→ The task
Repeat exactly the lines from the start of the entries below through the line containing "Camiseta Feminina Maur�cio". Omit the rest.

[Entries taken from a collection]
• • •
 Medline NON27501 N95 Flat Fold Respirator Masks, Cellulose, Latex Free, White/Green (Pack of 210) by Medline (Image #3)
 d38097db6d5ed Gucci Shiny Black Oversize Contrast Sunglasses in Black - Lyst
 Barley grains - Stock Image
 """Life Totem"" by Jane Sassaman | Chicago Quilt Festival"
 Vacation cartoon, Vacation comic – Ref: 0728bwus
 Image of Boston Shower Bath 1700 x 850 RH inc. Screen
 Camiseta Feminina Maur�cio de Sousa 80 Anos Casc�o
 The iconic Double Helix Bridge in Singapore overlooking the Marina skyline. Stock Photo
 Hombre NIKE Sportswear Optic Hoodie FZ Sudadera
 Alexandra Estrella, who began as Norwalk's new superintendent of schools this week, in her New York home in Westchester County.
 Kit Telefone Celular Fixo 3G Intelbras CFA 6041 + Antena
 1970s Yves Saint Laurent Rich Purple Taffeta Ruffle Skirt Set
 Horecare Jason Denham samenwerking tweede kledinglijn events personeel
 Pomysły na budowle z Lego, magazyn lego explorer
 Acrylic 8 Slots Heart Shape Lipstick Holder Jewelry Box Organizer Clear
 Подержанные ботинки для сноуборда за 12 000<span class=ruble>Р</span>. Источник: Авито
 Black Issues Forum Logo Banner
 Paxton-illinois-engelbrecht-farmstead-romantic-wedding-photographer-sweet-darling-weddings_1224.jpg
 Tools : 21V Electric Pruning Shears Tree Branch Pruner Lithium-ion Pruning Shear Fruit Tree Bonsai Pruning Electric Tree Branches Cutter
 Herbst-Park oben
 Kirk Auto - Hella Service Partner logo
• • •
→ Task answer
 Medline NON27501 N95 Flat Fold Respirator Masks, Cellulose, Latex Free, White/Green (Pack of 210) by Medline (Image #3)
 d38097db6d5ed Gucci Shiny Black Oversize Contrast Sunglasses in Black - Lyst
 Barley grains - Stock Image
 """Life Totem"" by Jane Sassaman | Chicago Quilt Festival"
 Vacation cartoon, Vacation comic – Ref: 0728bwus
 Image of Boston Shower Bath 1700 x 850 RH inc. Screen
 Camiseta Feminina Maur�cio de Sousa 80 Anos Casc�o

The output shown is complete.